According to the dog kennel where I take my dog, it is 6 months. However, if you are wondering when to neuter it is preferable to wait until they are at least 18 months. Although many breeders require the spay/neuter around 6 months.


----------



## missmarstar (Jul 22, 2007)

Male dogs are typically sexually mature around 6-8 months old. You will notice some behaviors such as lifting the leg to pee, marking outdoors, etc, around that age.


----------



## Jamm (Mar 28, 2010)

Im also looking at what to look for. Red rockets making daily appearances, were deffinatly not fixing Joey until he is 14-18months old.


----------



## missmarstar (Jul 22, 2007)

Jamm said:


> Im also looking at what to look for. Red rockets making daily appearances, were deffinatly not fixing Joey until he is 14-18months old.

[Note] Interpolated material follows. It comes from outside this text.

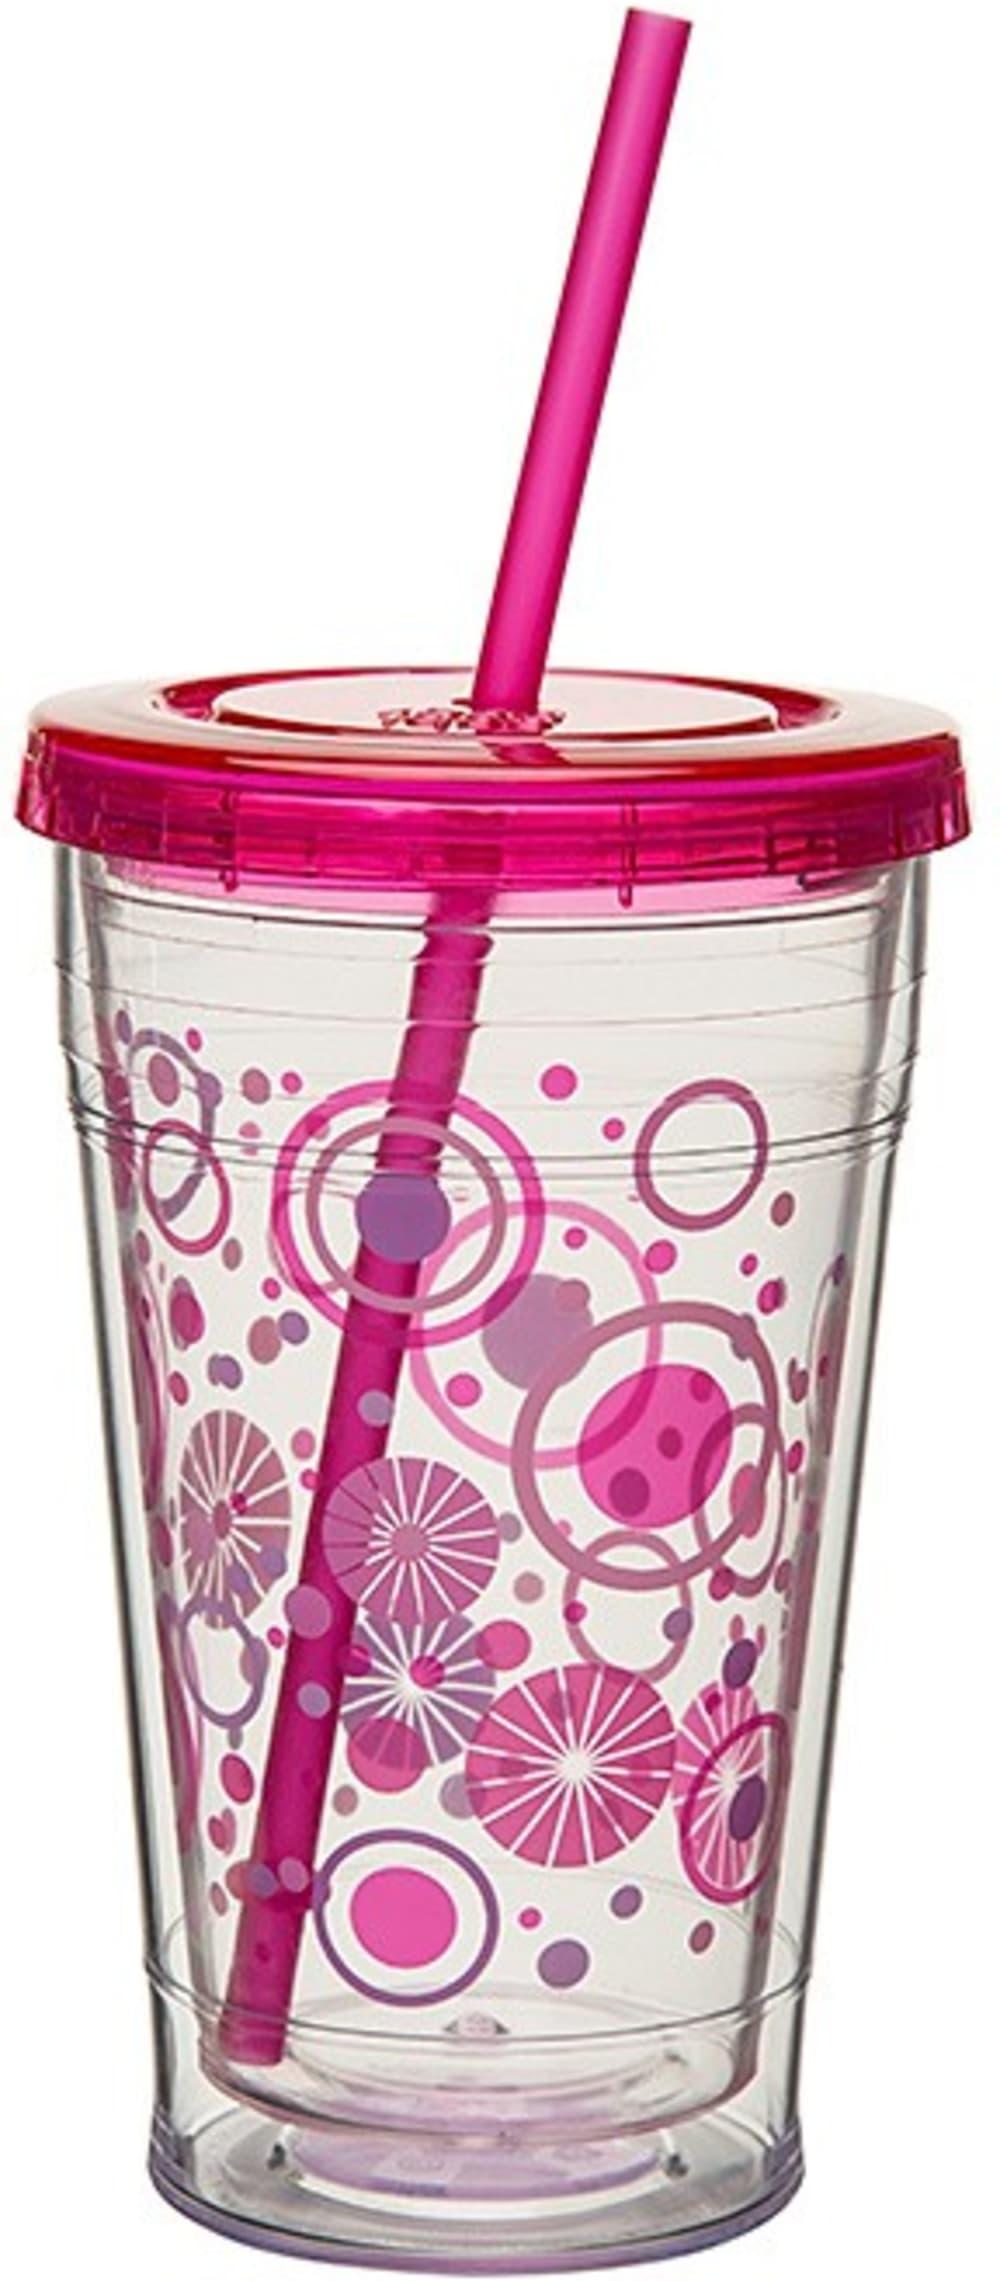 CG-Chiller przeźroczysty z motywem + słomka,różowy

With males it's not really as important to watch for signs of sexual maturity as it is for females. Just always be sure to keep the dog under your control so they can't break free and possibly impregnate a female dog in heat, but you should be making sure of that whether he is sexually mature or not  

I think the most obvious sign is lifting the leg to pee, but even my neutered dog does that about 1 in 10 times. Marking outdoors, peeing on every tree/bush/twig/leaf is another big one. Other than that, you would probably notice some changes in the dog's appearance, such as a broader head and chest, that signal maturity.

Waiting to neuter is definitely a good idea, but you aren't only waiting for sexual maturity, you are waiting until full growth is achieved as well. Sexual maturity happens at 6-8 months, full growth is achieved at 18-24 months.


----------



## HiTideGoldens (Dec 29, 2009)

Jamm said:


> Im also looking at what to look for. Red rockets making daily appearances, were deffinatly not fixing Joey until he is 14-18months old.


Just remember that you can't neuter him if you are still planning to show him in conformation! 

Jack is almost 1 year and still pees like a girl. So I have no idea what the definitive signs are. I would assume that Jack has reached it though


----------



## Jamm (Mar 28, 2010)

Right... Makes sense! Yeah Joeys definitely not there yet but i have seen him peeing more on walks... but hes prob just a spazz! 

edit* and yeaa Goldenjack i defff know about that  I think we start conformation classes in october or something, then she'll tell us if he has potential, if yes then hes not gettin the snip, if not then snip snip Mr. Joey!


----------



## Willow52 (Aug 14, 2009)

Jamm said:


> Im also looking at what to look for. Red rockets making daily appearances, were deffinatly not fixing Joey until he is 14-18months old.


The "red rocket appearances" varies from dog to dog. Hank was neutered at 1 yr. but even before that, we never noticed it. The behavior that we noticed most was marking, which I'm sure also varies. Also in sexually mature males the scrotum is larger and more visible. 

I would venture to say that males mature at different rates, same as females. In Hank's case, I'd say he was there for sure by 10 months.


----------